Significant growth in Rocky Mountain natural gas supplies has prompted the need for additional pipeline transportation service, the company said.
Kinder Morgan Energy Partners owns a two-thirds interest in Trailblazer, with the other one-third interest owned by Enron unit Enron Trailblazer Pipeline. Trailblazer is operated by Natural Gas Pipeline of America, a unit of Kinder Morgan.
Canada's NEB approved AEC Suffield Gas Pipeline's application to construct and operate a 190 MMcfd natural gas pipeline from southeastern Alberta to southwestern Saskatchewan. The pipeline, which will cost about $22.3 million, will be known as the North Suffield Pipeline. AEC Suffield applied to construct about 97 km of 16-in. pipeline and associated control facilities. The pipeline will originate on the western side of the Suffield Military Training Block, extend along the northern boundary of that block, then eastward to tie into the existing AEC Suffield meter station that connects with TransCanada's system near Burstall, Sask. AEC Suffield plans an in-service date of Nov. 1. F Pembina Pipeline is conducting integrity testing on its Western pipeline system, required as a result of an Aug. 1 pipeline break and crude oil spill into the upper Pine River of Northeast British Columbia (OGJ Online, Aug. 2, 2000). Authorization to resume restricted operations was granted from the Oil and Gas Commission of British Columbia on Aug. 23, says Pembina. Resumption of operation is conditional on the commission's requirements, however, including that the affected line be leak and strength-tested within 12 months. The company plans to test the Taylor-to-Prince George section of the pipeline before putting it back into service at reduced operating pressure.
NL BULLETIN
Preparations for next month's OPEC heads of state summit in Caracas are complete, according to Venezuelan Deputy Foreign Minister Jorge Valero, who also heads the presidential commission responsible for organizing the gathering. A preliminary draft of a declaration that will be reviewed by the OPEC foreign, finance, and oil ministers, and later signed by the heads of state, has been completed, said Valero.

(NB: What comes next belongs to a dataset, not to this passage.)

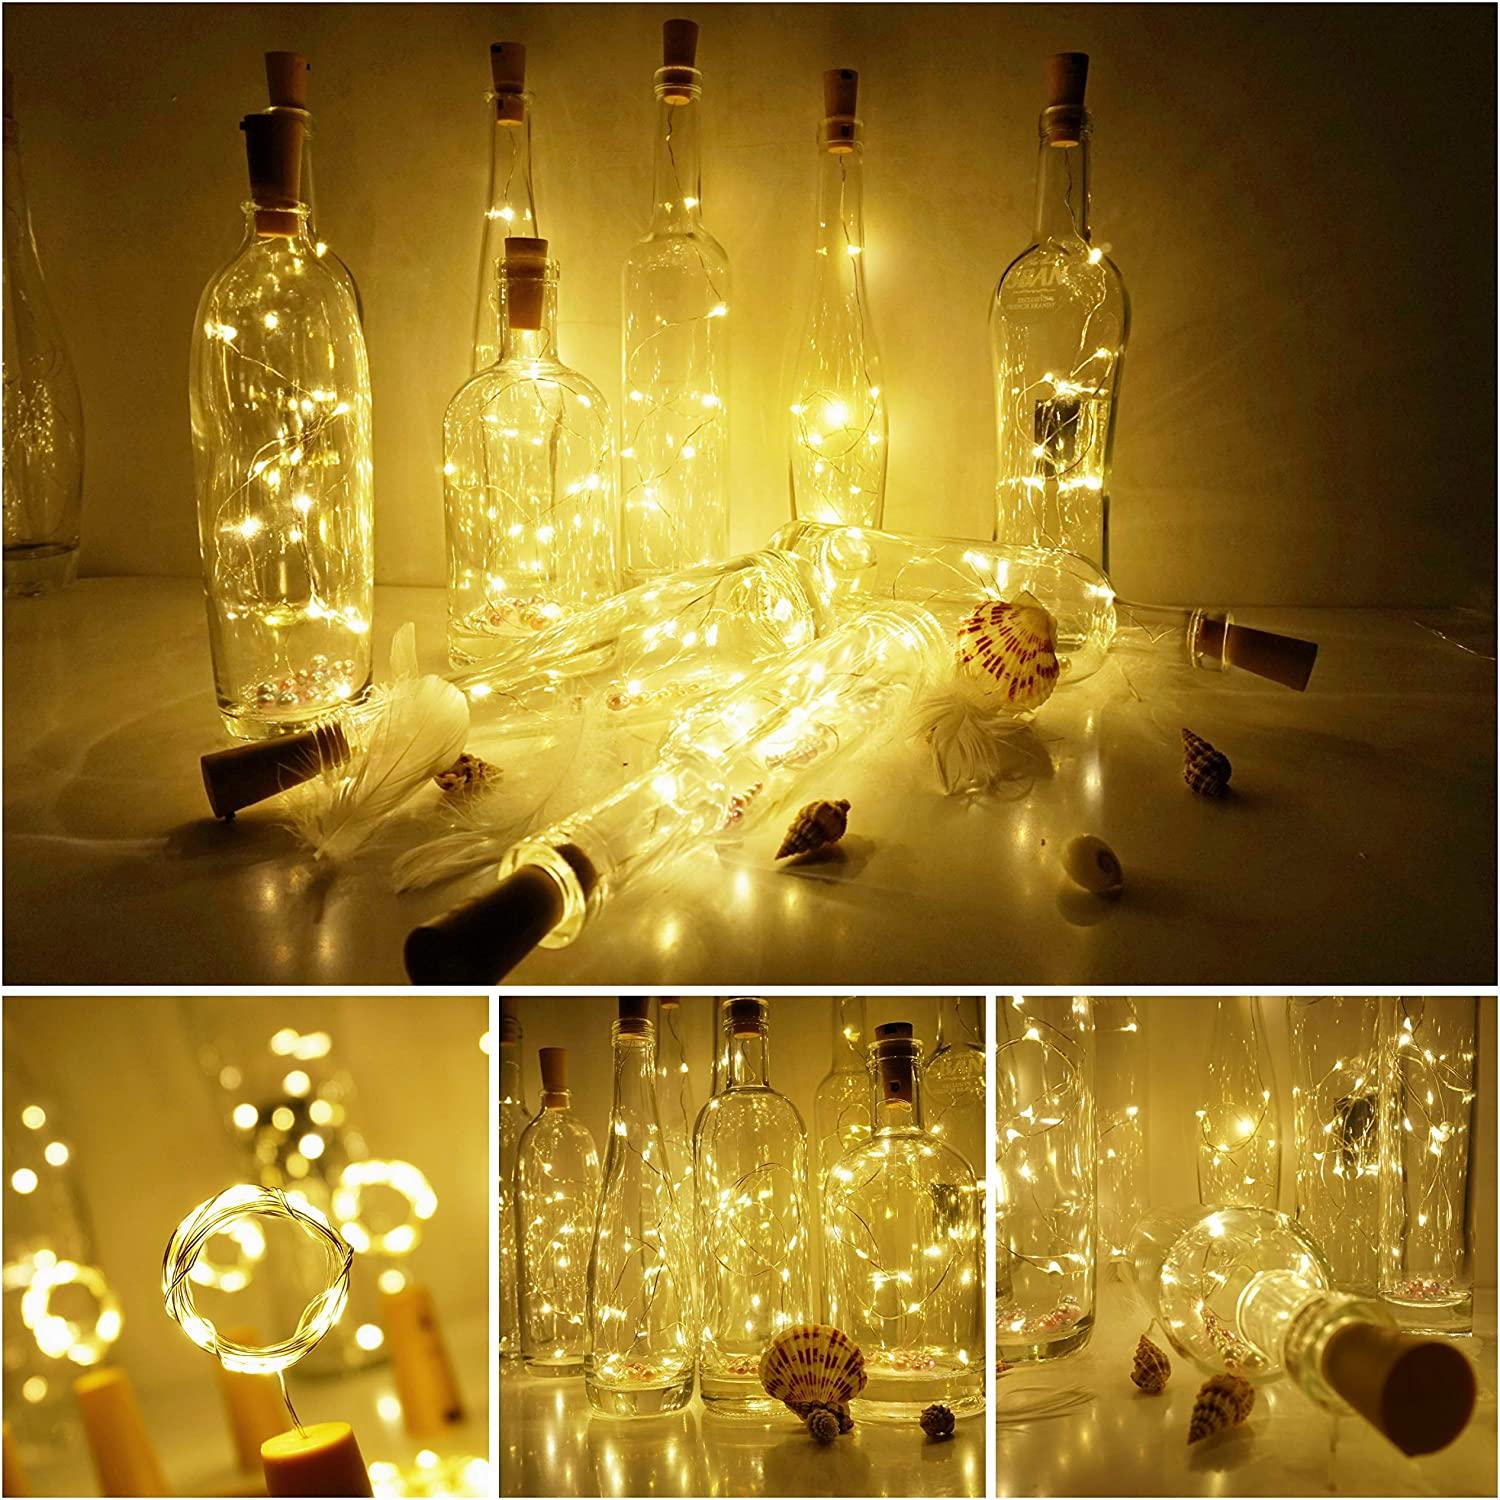 DIY String Light Ornaments for Tables,Parties - If you say i do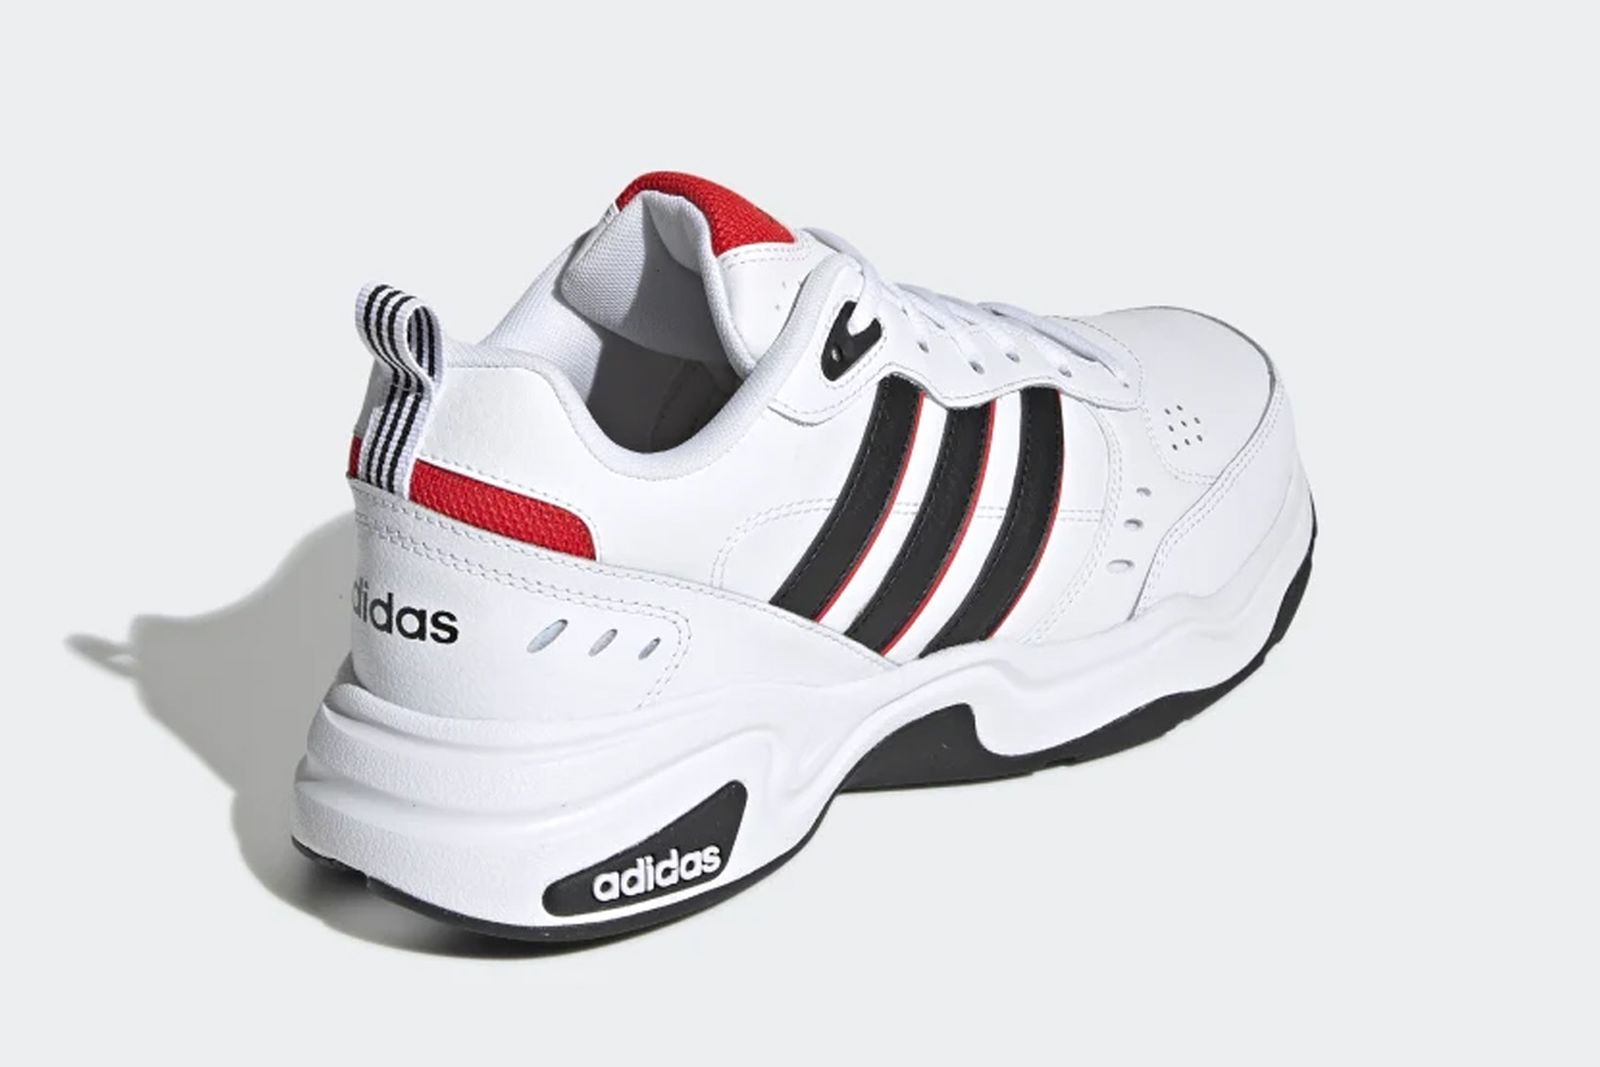 The adidas Strutter Looks Like Another Very Popular Dad Shoe عمر مزخرف

The document, among other things, underlines the need to adapt OPEC to the new demands of the international economy, promote a constructive dialogue among oil producers and consumers, and strengthen ties between OPEC member countries and oil producers that do not belong to the organization, including Russia, Oman, Mexico, Norway, and Angola. Another key aspect of the document, Valero said, deals with the need to strengthen ties among OPEC nations.